Selective self-organization of guest molecules in self-assembled molecular boxes

This article describes the synthesis and binding properties of highly selective noncovalent molecular receptors 1(3).(DEB)6 and 3(3).(DEB)6 for different hydroxyl functionalized anthraquinones 2. These receptors are formed by the self-assembly of three calix[4]arene dimelamine derivative molecules (1 or 3) and six diethylbarbiturate (DEB) molecules to give 1(3).(DEB)6 or 3(3).(DEB)6. Encapsulation of 2 occurs in a highly organized manner; that is, a noncovalent hydrogen-bonded trimer of 2 is formed within the hydrogen-bonded receptors 1(3).(DEB)6 and 3(3).(DEB)6. Both receptors 1(3).(DEB)6 and 3(3).(DEB)6 change conformation from staggered to eclipsed upon complexation to afford a better fit for the 2(3) trimer.
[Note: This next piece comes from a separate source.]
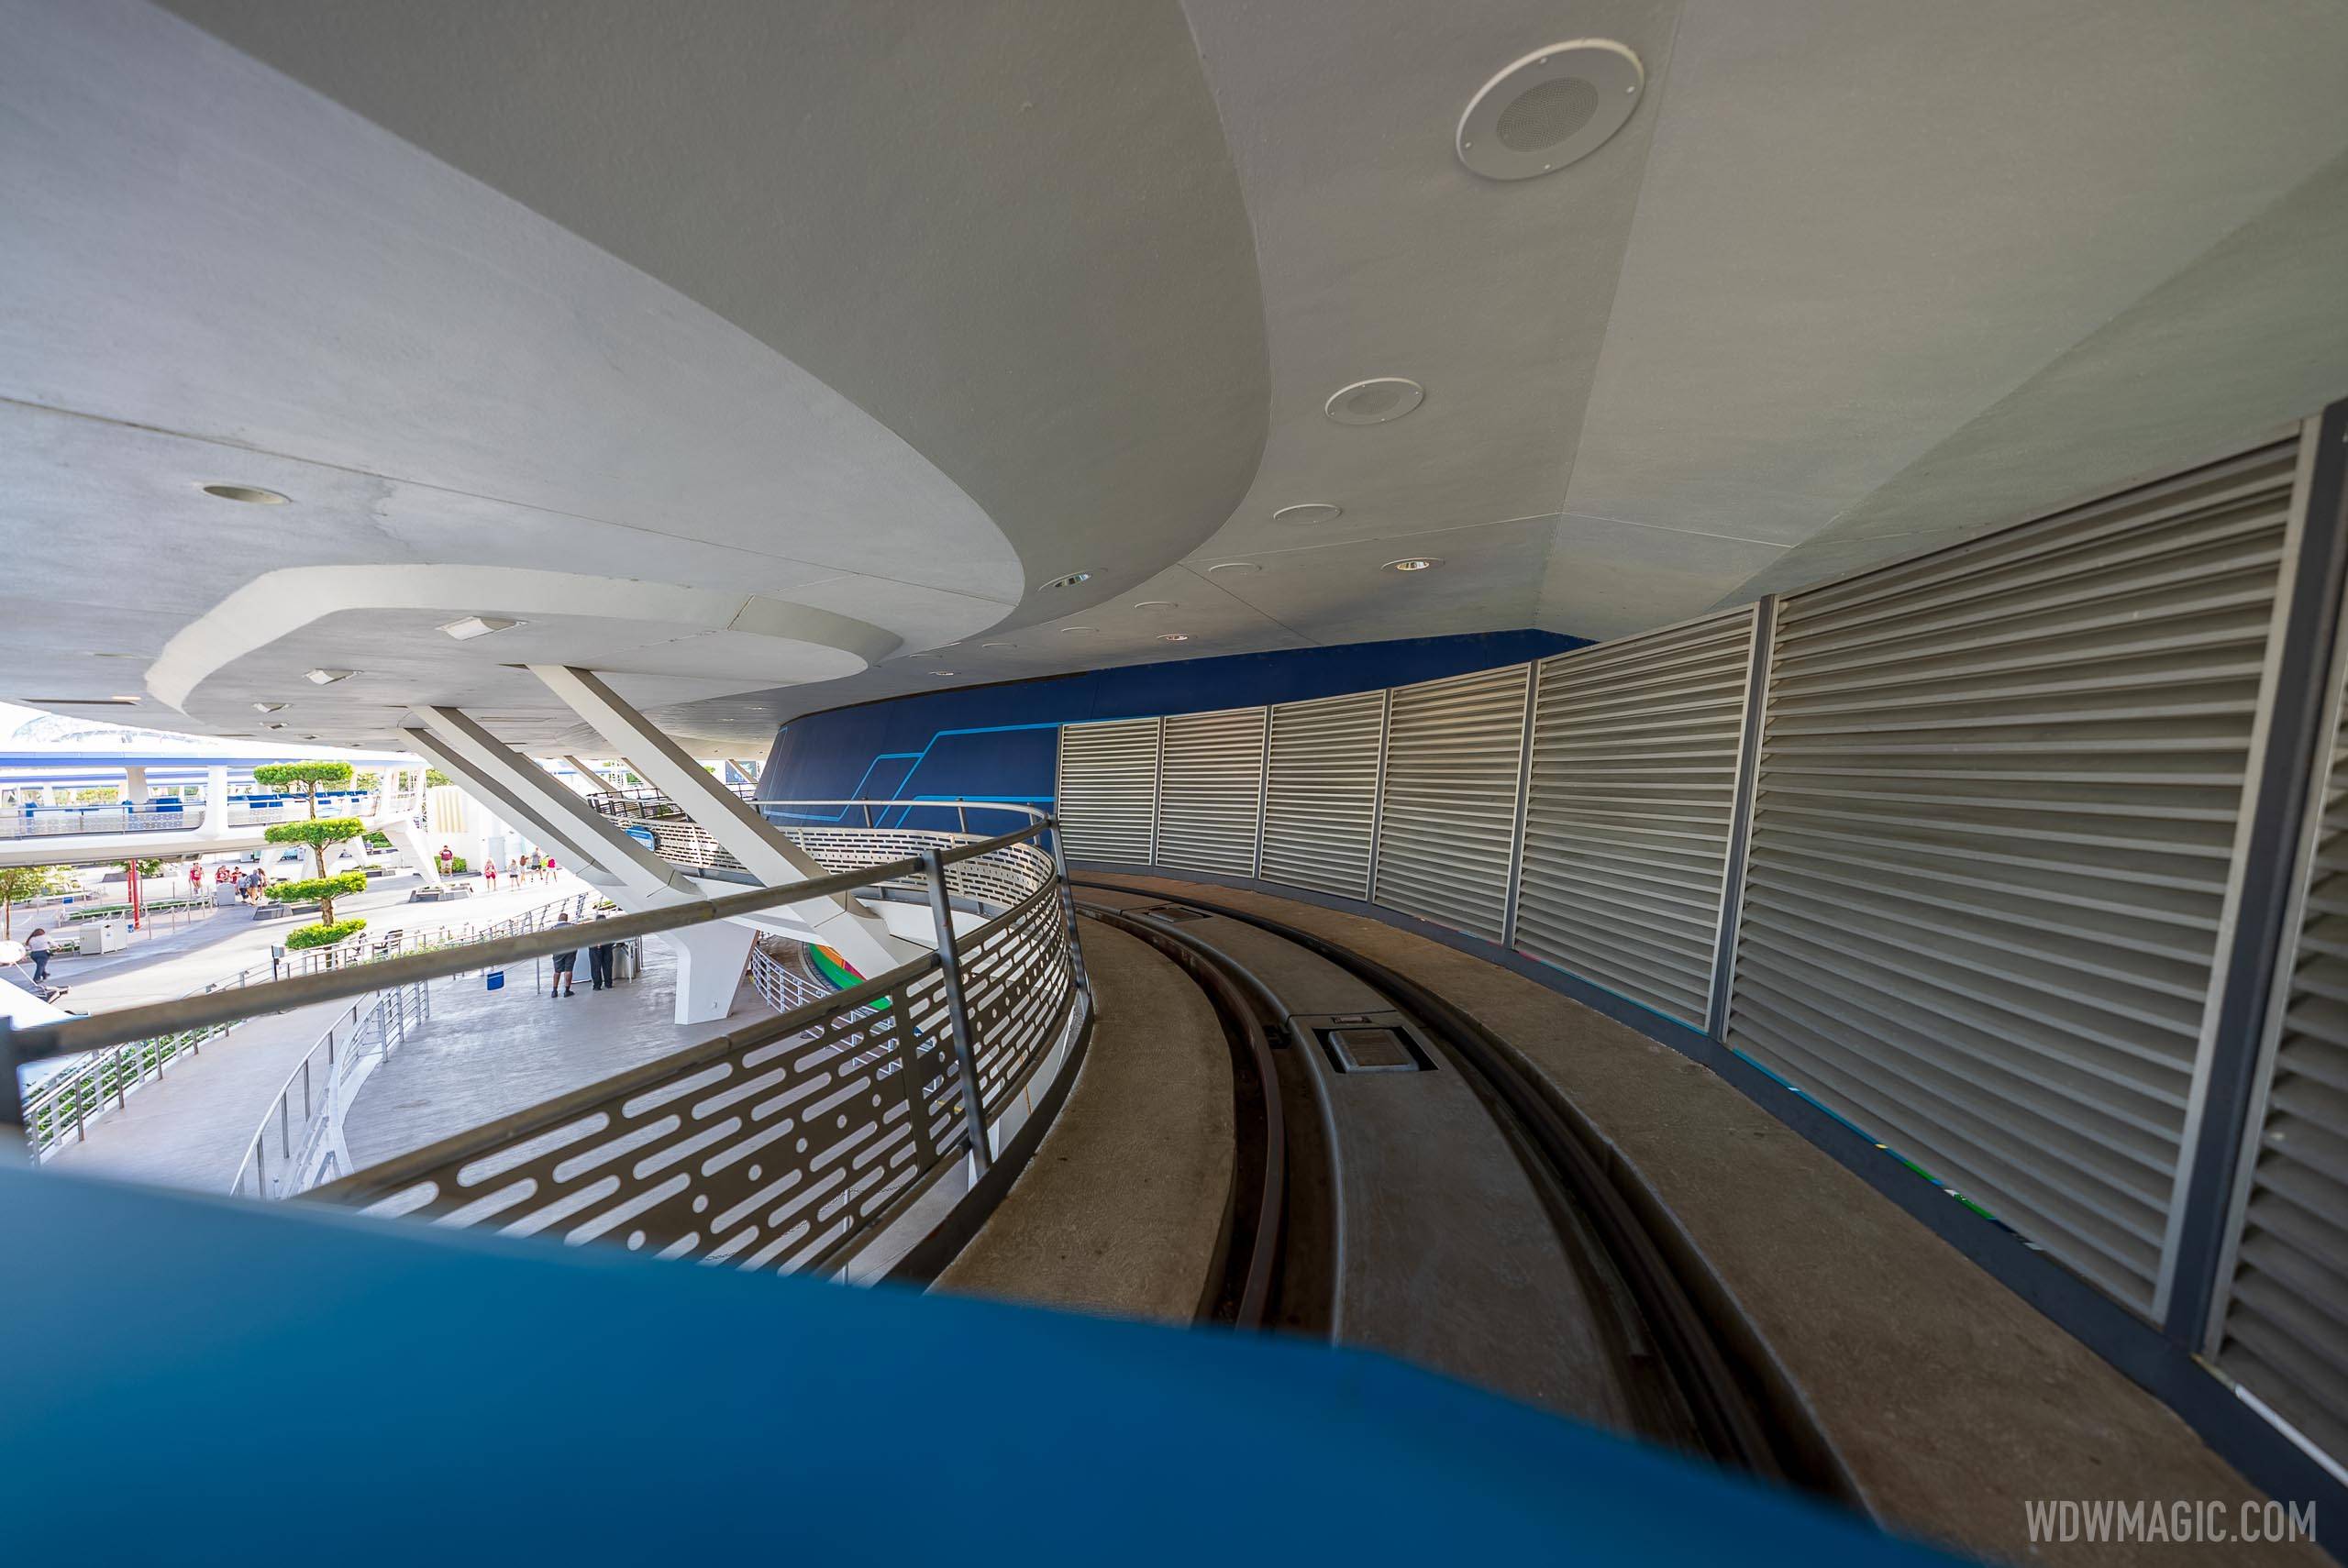 Tomorrowland Transit Authority reopens after refurbishment

The receptor selectivity toward different anthraquinone derivatives 2 has been studied using 1H NMR spectroscopy, X-ray crystallography, UV spectroscopy, and isothermal microcalorimetry (ITC). The pi-pi stacking between the electron-deficient center ring of the anthraquinone derivatives 2a-c and 2e-g and the relatively electron-poor melamine units of the receptor is the driving force for the encapsulation of the guest molecules. The selectivity of the hydrogen-bonded host for the anthraquinone derivatives is the result of steric interactions between the guest molecules and the calix[4]arene aromatic rings of the host.     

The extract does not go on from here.